Reconstruction-based approaches identify anomalies through differential error analysis between original and reconstructed images [
10,
11]. The underlying hypothesis posits that autoencoders or generative adversarial networks achieve superior reconstruction fidelity on nominal patterns compared to anomalous regions. However, practical implementations reveal limitations in discriminative capacity as reconstruction artifacts may obscure differences between normal and defective regions [
7,
12]. This inherent ambiguity frequently manifests as performance instability across diverse industrial use cases.
Recent advancements in teacher–student frameworks have demonstrated notable efficacy in visual anomaly detection through hierarchical feature reconstruction. Bergmann et al. [
4] pioneered this paradigm with their Uninformed Students, establishing foundational work in unsupervised anomaly recognition via teacher–student discrepancy analysis. Subsequent innovations [
5,
13] improve the model through systematic multi-layer feature alignment, establishing standardized protocols for multi-resolution anomaly mapping via cross-layer matching errors between architecturally symmetric teacher–student pairs.
While achieving benchmark performance, contemporary teacher–student-based anomaly detection approaches reveal several critical limitations. First, the absence of regularization mechanisms during knowledge transfer makes student model overfitting risks. Empirical evidence suggests that even when trained exclusively on anomaly-free samples, student networks may inadvertently encode anomalous patterns through latent feature sharing with teacher representations, thereby compromising detection specificity. Second, existing implementations [
14,
15,
16] frequently employ computationally intensive architectures to enhance accuracy, exemplified by AEKD’s dual-student configuration [
14], which escalates hardware requirements and complicates industrial deployment.
To overcome these constraints, we propose a Synthetic-Anomaly Contrastive Distillation (SACD) framework. The SACD framework comprises several crucial components: (1) a reverse distillation mechanism where a frozen teacher model utilizing ImageNet-pretrained weights extracts multi-scale representations to guide a structurally inverted student network through layer-wise feature alignment, and (2) a set of feature calibration (FeaCali) modules that eliminate noise interference while retaining critical anomaly indicators in student-decoded features. This configuration preserves normal pattern learning while proactively exposing the student model to synthetic anomalies, thereby enhancing discriminative capacity against potential defects. During training, SACD achieves dual objectives. On the one hand, it can reinforce inter-model consistency in normal feature representation through contrastive distillation, and on the other hand, we intend to amplify feature discrepancies in abnormal pattern decoding via synthetic anomaly confrontation. Moreover, FeaCali modules are designed to ensure parameter-efficient alignment between student and teacher embeddings while mitigating overfitting risks.

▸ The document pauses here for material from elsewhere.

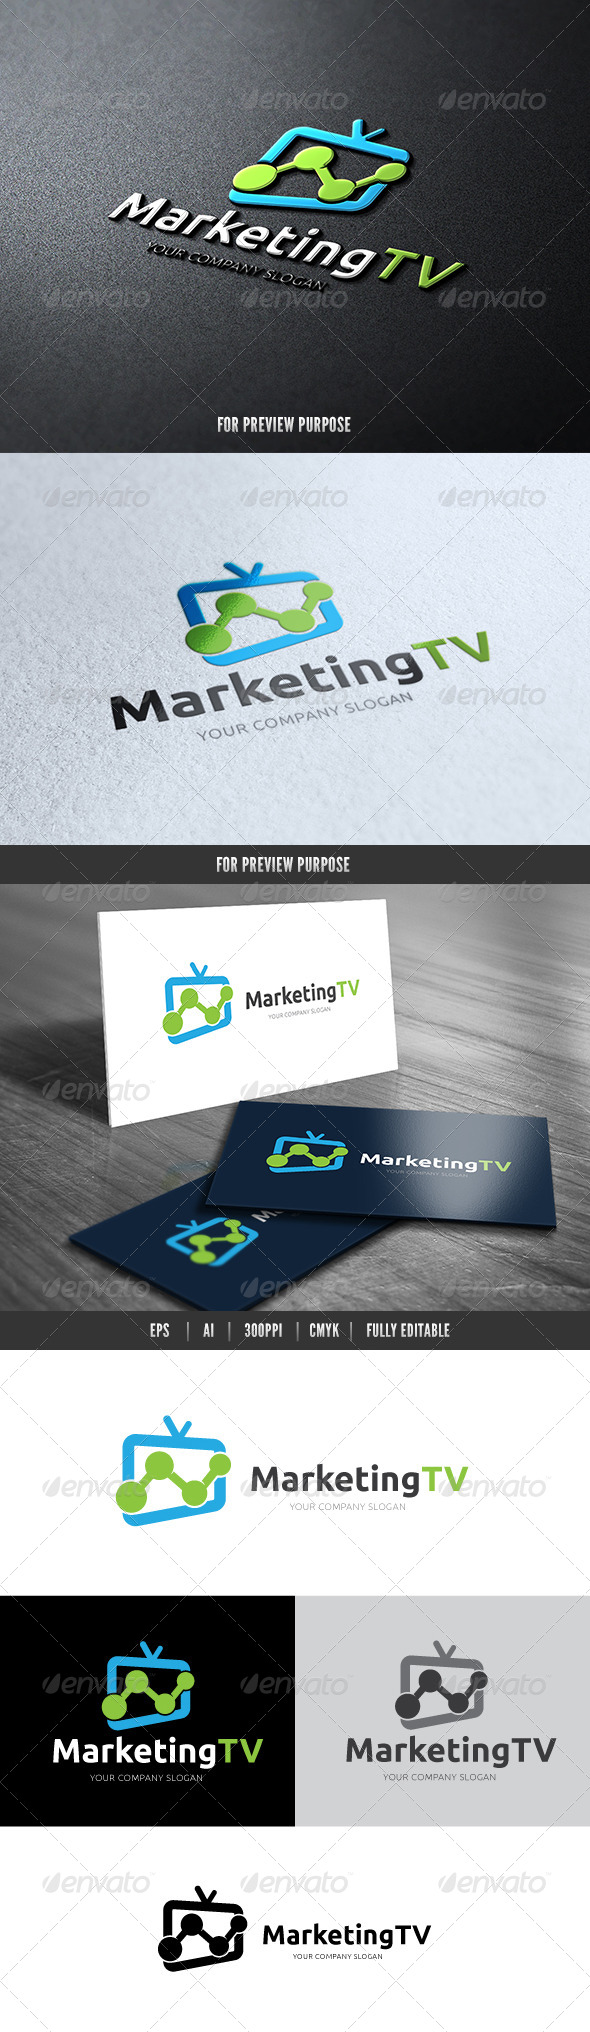 Marketing TV

The proposed framework employs a dual-objective loss function that orchestrates the training process through two aspects: cross-model feature alignment between the student–teacher pair and intra-model component coordination within the Siamese students. This composite loss simultaneously enforces representation consistency across network hierarchies while maintaining functional complementarity among different streams, thereby ensuring concurrent optimization of normal pattern reconstruction fidelity and abnormal feature discrimination capability. During inference, pixel-wise anomaly scores are computed via multi-scale feature deviation metrics between the teacher’s preserved knowledge and the student’s calibrated outputs. Extensive benchmark evaluations on the MVTec AD dataset [
17] demonstrate the effectiveness of our proposed
SACD framework. Qualitative and quantitative results show that
SACD achieves superior performance in anomaly detection and localization tasks, surpassing current baseline methods in terms of detection accuracy, while achieving optimizations in model size and computational complexity.
In summary, the main contributions of this paper are as follows:
We propose a novel Synthetic-Anomaly Contrastive Distillation framework for industrial image anomaly detection, which enhances anomalous feature decoupling while preserving normal pattern reconstruction capabilities of the student model.
We construct a dual-objective loss function encompassing both cross-model feature alignment and intra-model component coordination, enabling hierarchical representation consistency and discrepancy amplification between the teacher–student model.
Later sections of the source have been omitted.